Regarding the functional adaption of pregnant women with corrected TOF, Egidy et al monitored the quantitative volumetric changes, and concluded that that those women with successful pregnancy appeared to experience an accelerated rate of right ventricular remodeling (an increase in end-diastolic volume) [
14]. In our study, the moderate or severe right ventricular dilation was found in all of uncorrected patients (100%), but in less than half of the patients in surgically repaired group (47.37%). In addition, the right ventricular hypertrophy and pulmonary valve stenosis were also been found in all of uncorrected patients (100%), but much less in the surgically repaired patients. The comparisons between the corrected and uncorrected patients revealed that the risk of the women with corrected TOF might be divided to two groups, high-risk and low-risk patient groups according to the degree of right ventricular dilation/hypertrophy and the pulmonary valve stenosis. Further study with a large number of cases that are sufficient to stratify data for high-risk and low-risk patients is necessary to define their actual prognostic value.
Maternal condition and mortality has significant effects on fetal outcome in CHD patients [
18]. Recently, Ramage et al. reported 2114 births to women with adult congenital heart disease (ACHD) and suggested an association between several adverse neonatal/maternal outcomes and ACHD [
19]. Their results showed that preterm births (< 37 weeks gestation) were 1.4 times higher in women with ACHD than those without ACHD. Women with ACHD also had a higher odd of having a preterm birth with a gestation less than 32 weeks.
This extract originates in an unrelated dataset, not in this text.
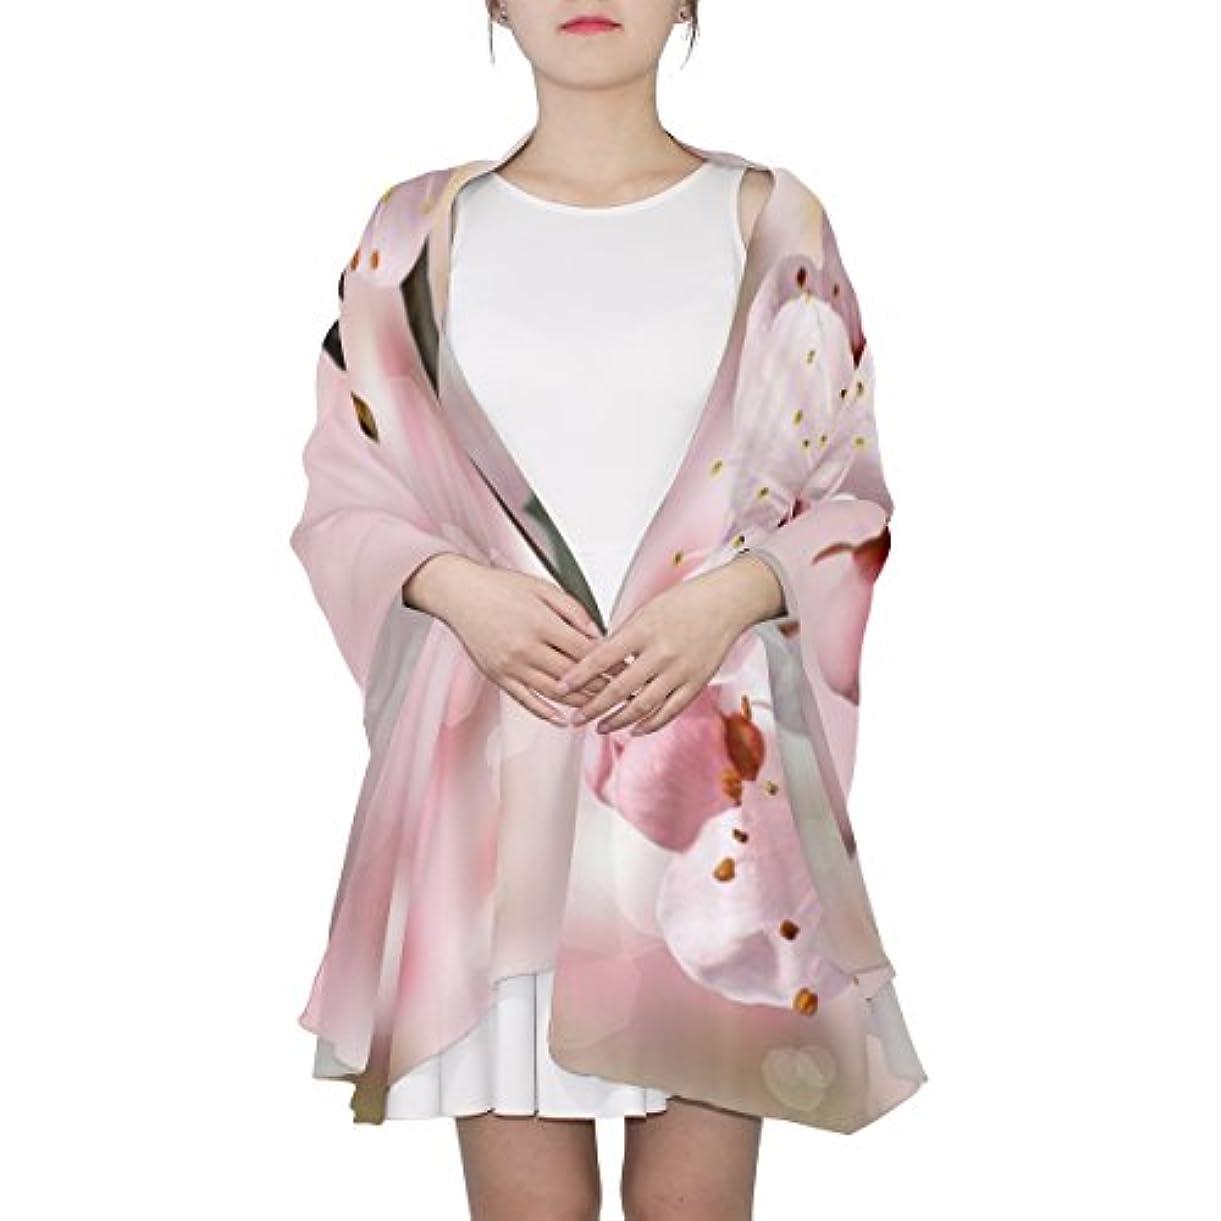 フォアマン上に築きます混乱させるGORIRA(ゴリラ) サクラ 花柄 ピンク ロング 人気 おしゃれ 個性 スカーフ ストール バンダナ 肌触り抜群 薄手 プレゼント レディース やわらかい シフォン 絹のスカーフ 90x180cm

In addition, 12.8% women with ACHD and 8.7% of women without ACHD delivered an SGA infant. Consistent with the study conducted by Ramage, the complications were more frequently present in the uncorrected group in our study. Although all of the patients have survived, most all of them suffered cardiac and obstetric complications at varying degrees. The low maternal cardiac output, intrauterine growth restriction and the SGA may occur even after the surgical repair of TOF [
20].
In consideration of high complication risks, woman with cardiac disease may be safer with a C-section delivery to avoid prolonged laboring time [
21]. In this study, one patient with intrauterine fetal death undergone transvaginal complete curettage of uterine cavity, other uncorrected patients delivered by C-section successfully. Women at highest risk may benefit from preconception counseling and close clinical monitoring during pregnancy [
19]. Careful interdisciplinary management among the cardiologist, obstetrician, anesthetist, and neonatologist, and detailed plans for delivery may improve the prognosis [
22,
23]. Although the differences of outcomes between 19 surgically repaired and 12 uncorrected cases were significant, the impact of other clinical parameters was not achieved in the current study due to the small number of cases in the subgroups. Further research with a large number of cases to determine the relationship between the outcomes and other clinical parameters may be helpful to establish more beneficial management regimen for TOF patients, especially for those without surgical repair. In addition, it will be beneficial to study the each pregnancy outcome of these TOF patients (with or without repair) in instead of per woman. However, it has not been performed in the current study due to the limitation to retrieve complete medical record for previous pregnancies and no record for new pregnancies in these patients.